What you return should match the listing exactly, minus its images.

> _STORED DATA_

◆ ◆ ◆ ◆ ◆ ◆ ◆

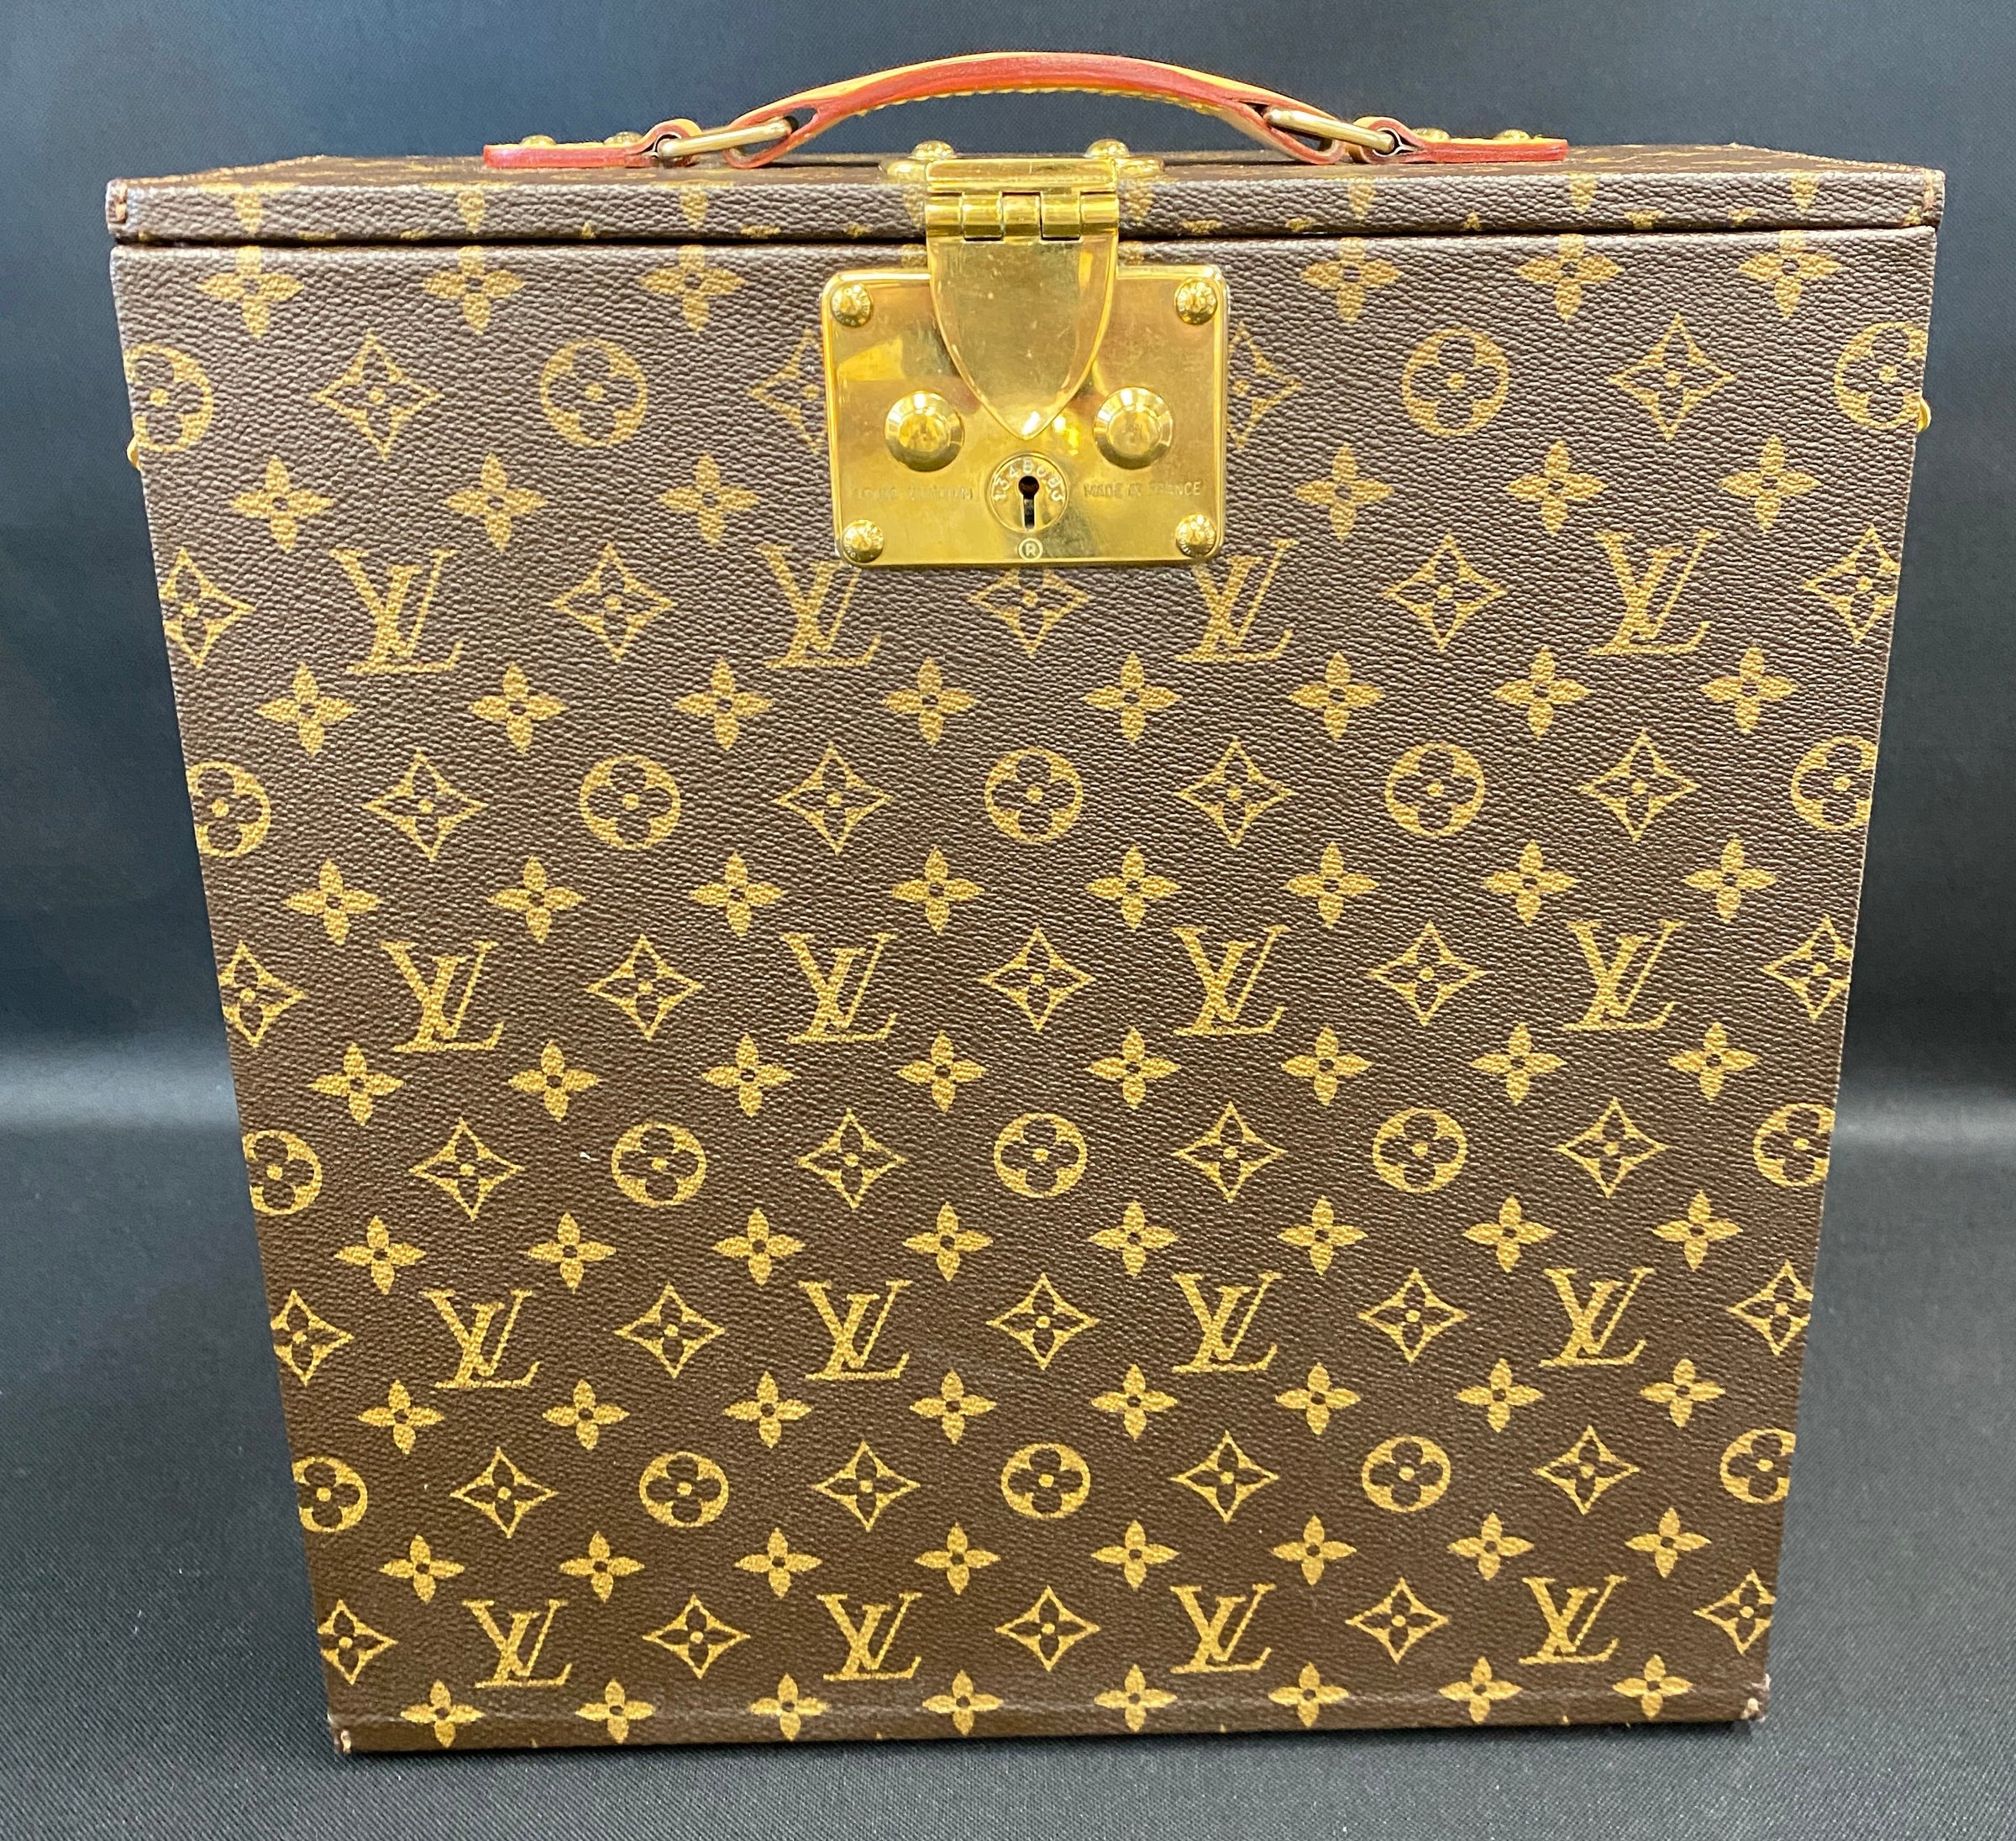 Louis Vuitton Single Bottle Wine Case with two glasses
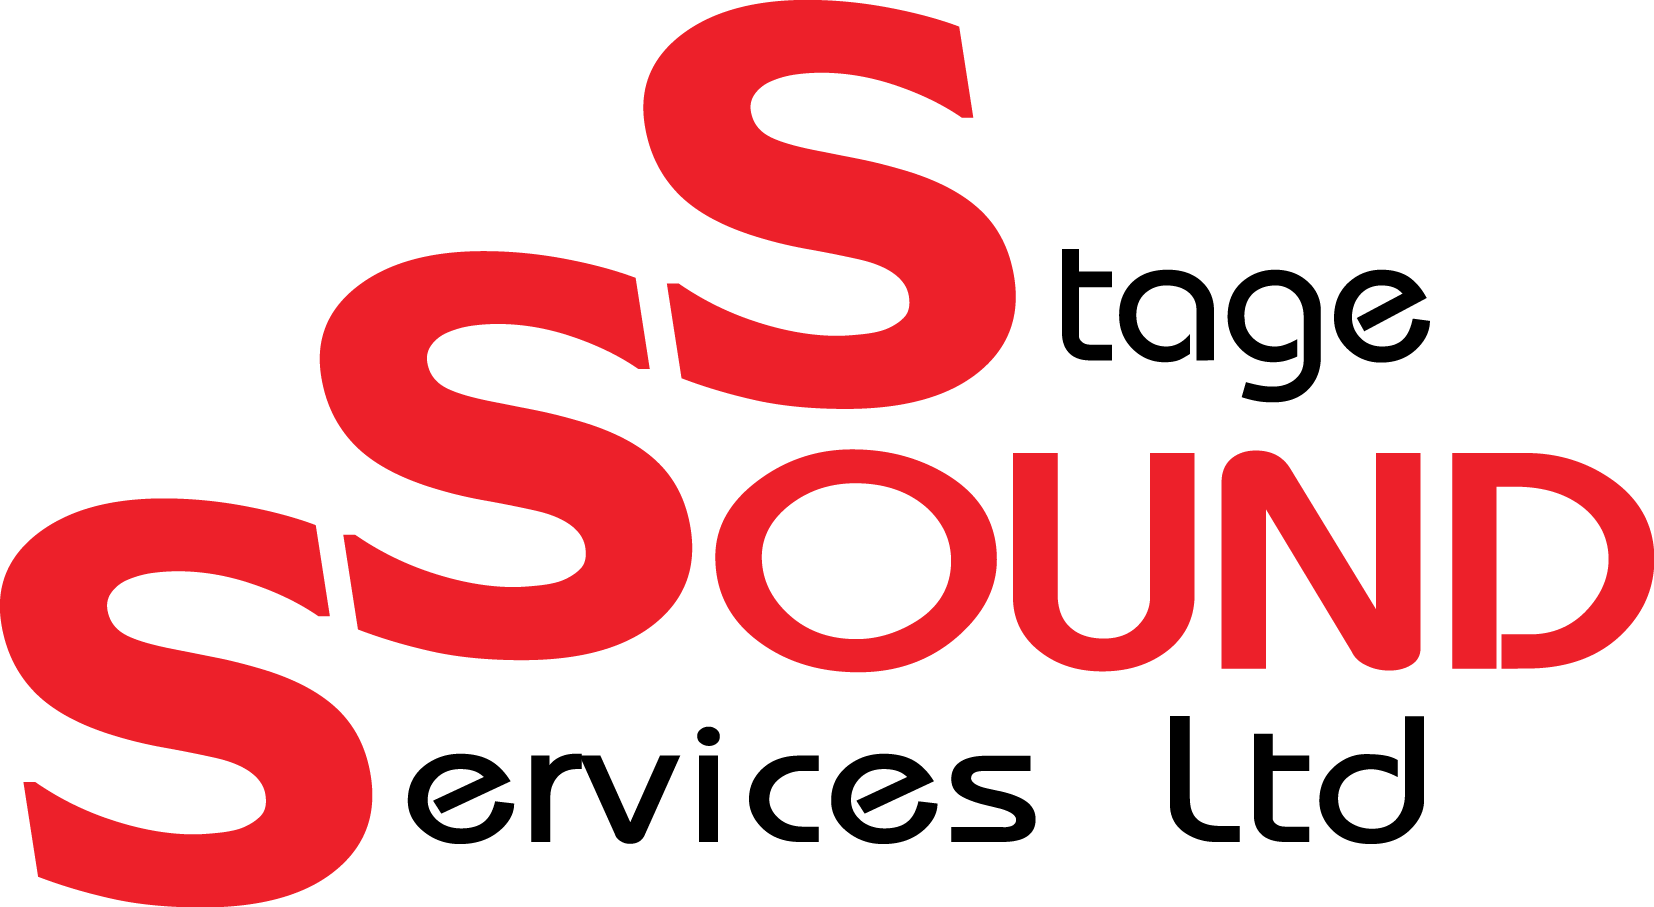 logo for Stage Sound Services
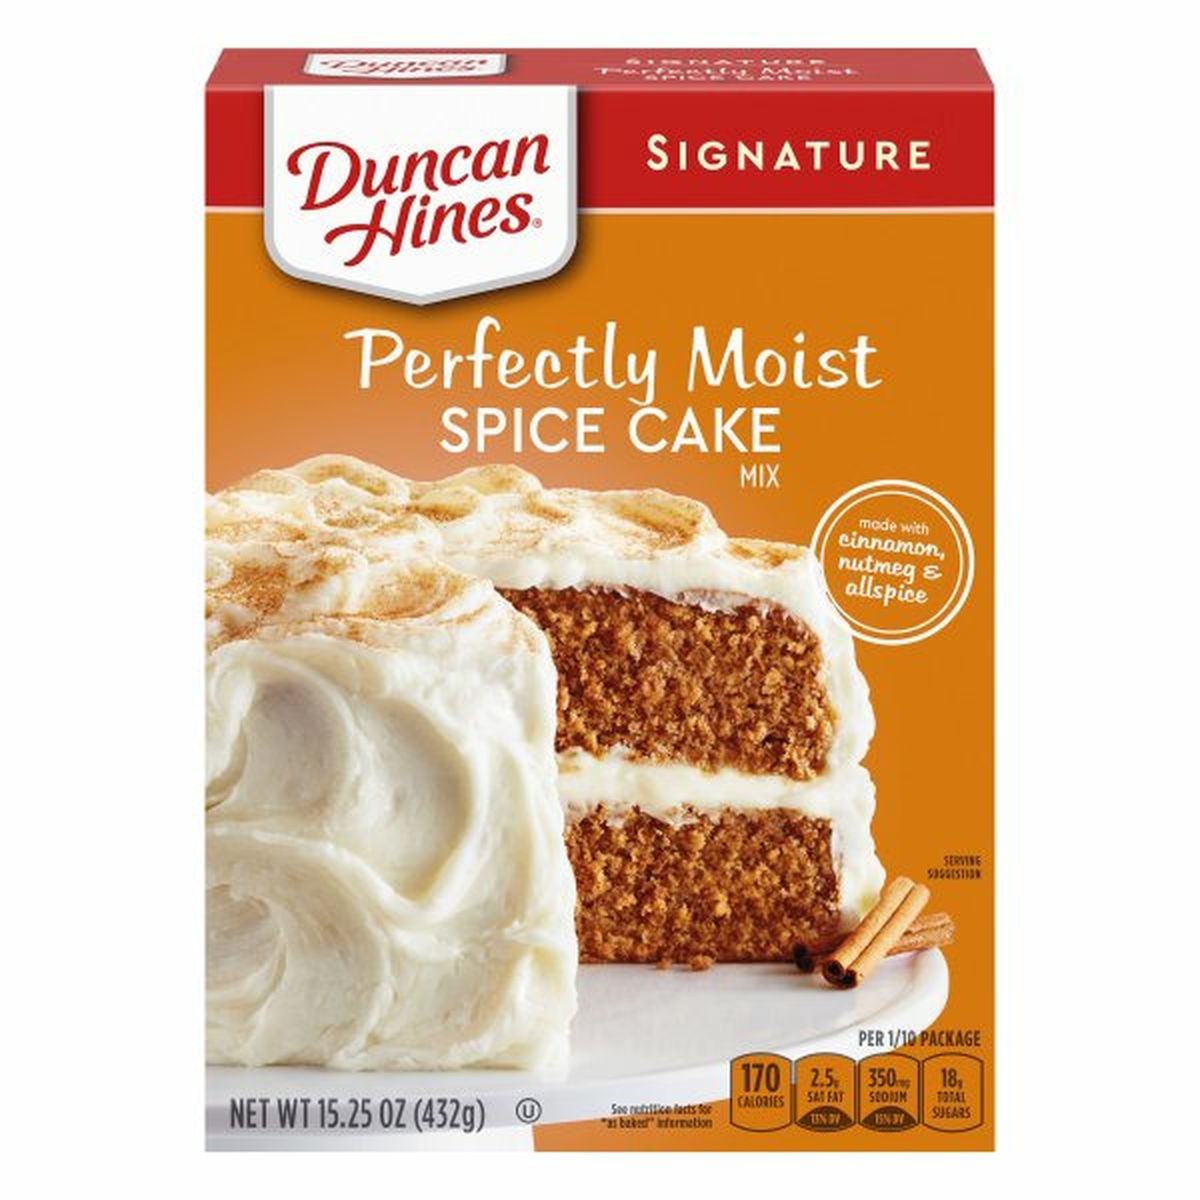 Calories in Duncan Hines Signature Cake Mix, Spice Cake, Perfectly Moist

◆ ◆ ◆ ◆ ◆ ◆ ◆

> _TASK ANSWER_
 Louis Vuitton Single Bottle Wine Case with two glasses
 logo for Stage Sound Services
 Calories in Duncan Hines Signature Cake Mix, Spice Cake, Perfectly Moist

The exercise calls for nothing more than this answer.